Hundreds of nurses turned out to rallies across Alberta Thursday protesting against wage freezes, possible privatization of services and cutbacks to the public health-care system.
The United Nurses of Alberta held 33 rallies in 25 communities. They were joined by members of the Alberta Union of Provincial Employees at locations including Foothills Hospital in Calgary and the Misericordia Hospital in Edmonton.
About 200 UNA and AUPE members lined 111th Avenue outside the Royal Alexandra Hospital in Edmonton over the lunch hour.
They waved flags and chanted slogans like, “No more cuts, Kenney sucks” as passing motorists honked their horns.
Nurses say they are seeing effects of cuts they say they are hurting health care. They are also concerned the government intends to lay off registered nurses and use licensed practical nurses in their place — making LPNs do more work without paying them more money.
The government contends that an effort to reduce costs will not reduce care.

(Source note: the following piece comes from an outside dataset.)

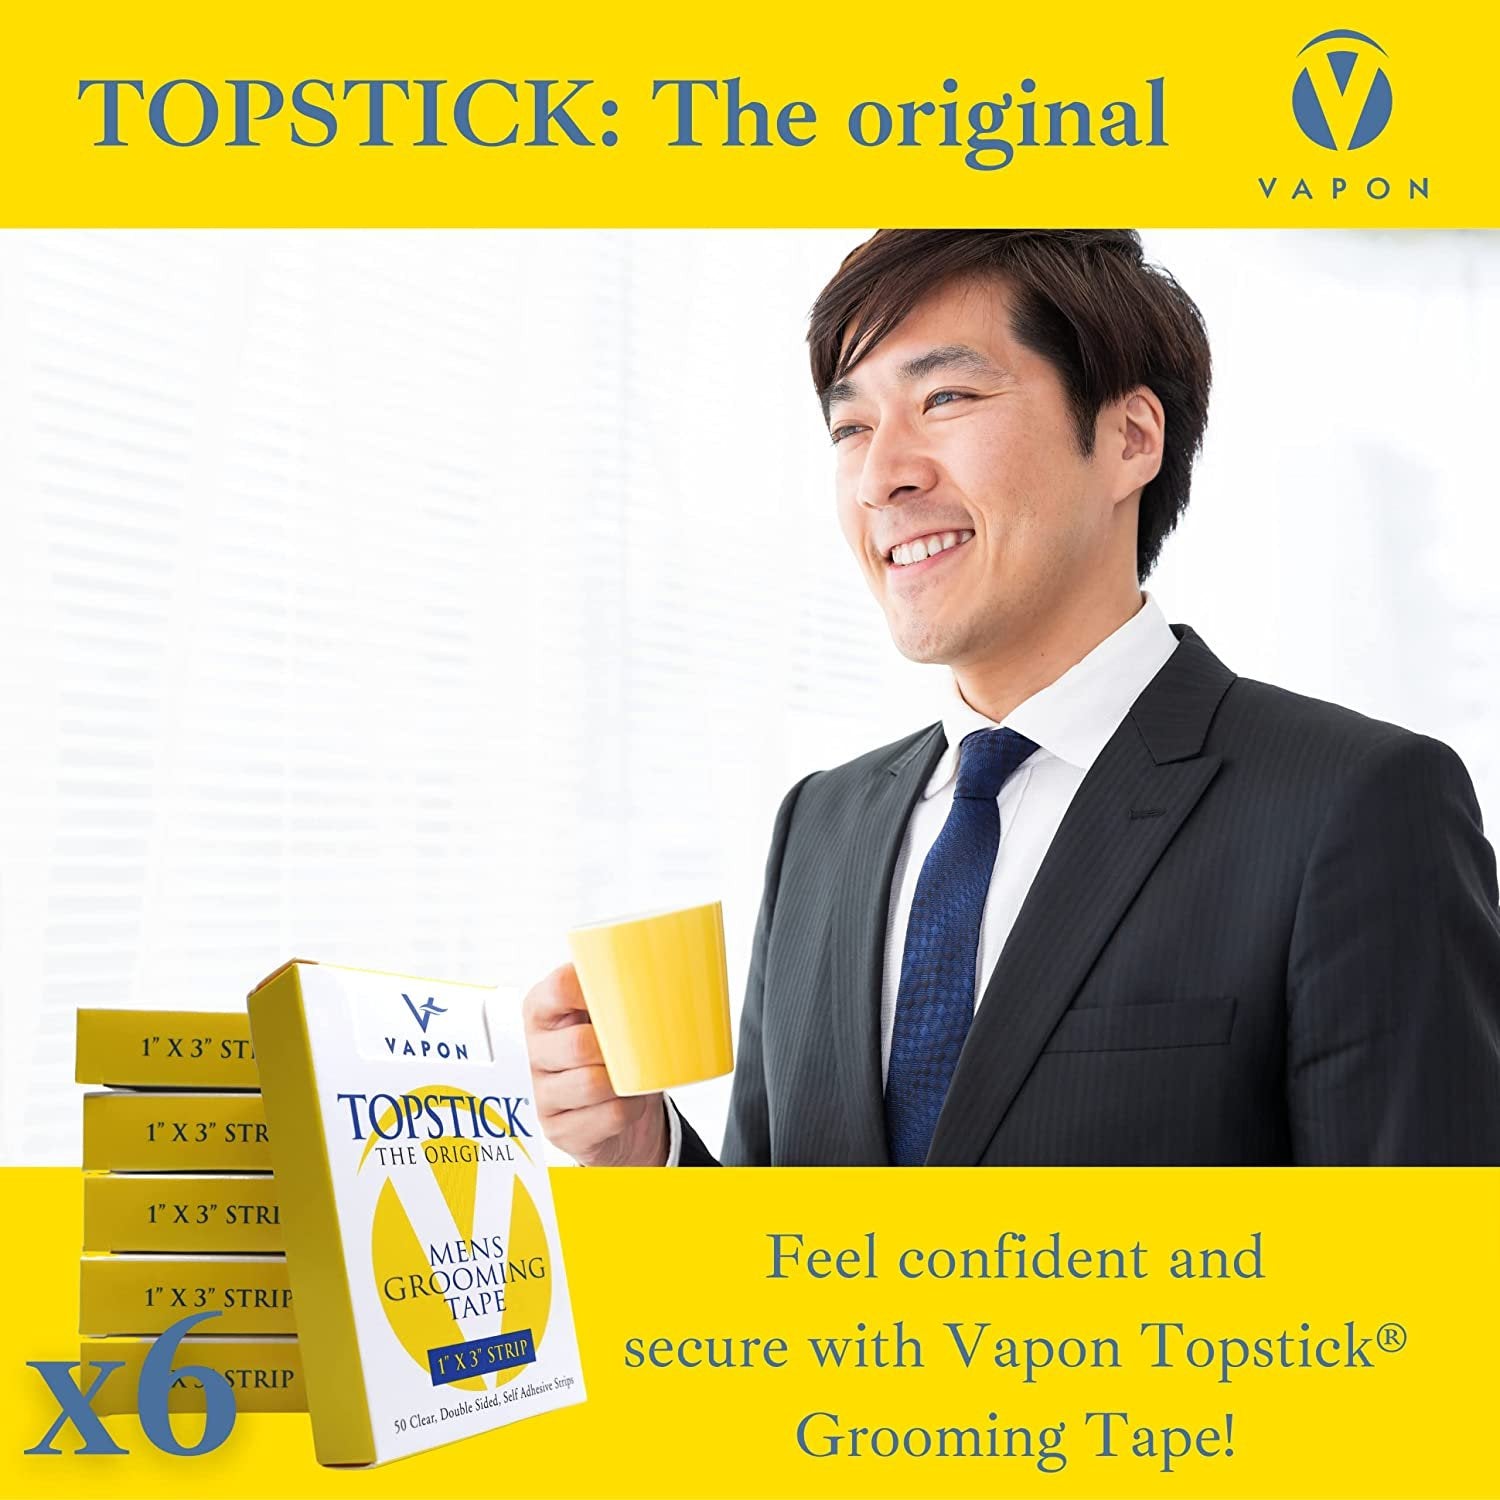 Vapon Topstick - The Original Men's Grooming Tape - 300 Count 6 Boxes - 1" x 3" Double Sided, Self Adhesive, Clear Tape for Toupee and Wig Adhesion - Hypo Allergenic, Waterproof, and Latex Free
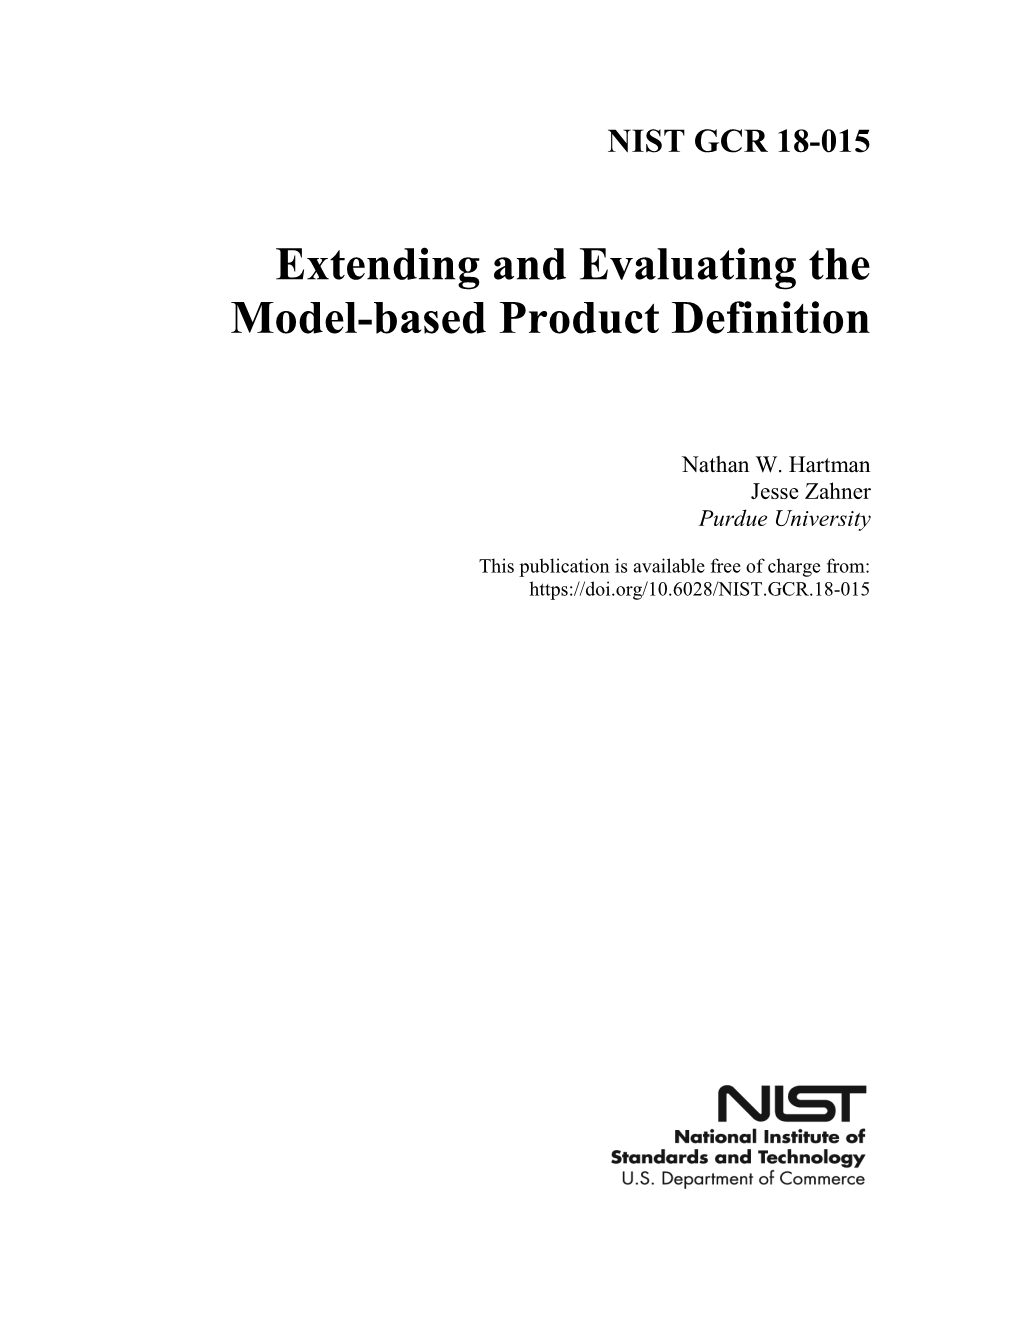 Extending and Evaluating the Model-Based Product Definition

“It’s what we campaigned on, the MacKinnon report and the AHS review confirmed it,” Steve Buick, press secretary for Health Minister Tyler Shandro, said in an email Thursday afternoon.
“We campaigned on strengthening our publicly-funded health system, starting with increasing access and reducing wait times. Every dollar we save will stay in the system to do that, including funding 80,000 more surgeries to give Albertans the best access in Canada.”
The government started off bargaining for the next collective agreement with UNA by offering four years of pay freezes and cuts to some contract provisions.
A report this month by Ernst & Young contained 57 recommendations and 72 savings opportunities to improve the quality and sustainability of health service. The report outlined ways to save up to $1.9 billion.
Shandro has said some of its recommendations will be off the table. AHS is reviewing the report and has said it will develop a detailed implementation plan within 100 days.
“I am out here today because I really value public health care,” said Samantha Waller, an intensive care nurse at the Royal Alex. “I value the services that I provide. I know it’s important to my patients and their families and I know it’s worth fighting for.”
Aisha Brown, another registered nurse at the same hospital, recently returned to work after tearing a muscle in her shoulder while lifting a patient to take her to the washroom. The injury occurred while her unit was short-staffed, she said.
Like Waller, Brown is concerned about quality of care she is able to provide patients.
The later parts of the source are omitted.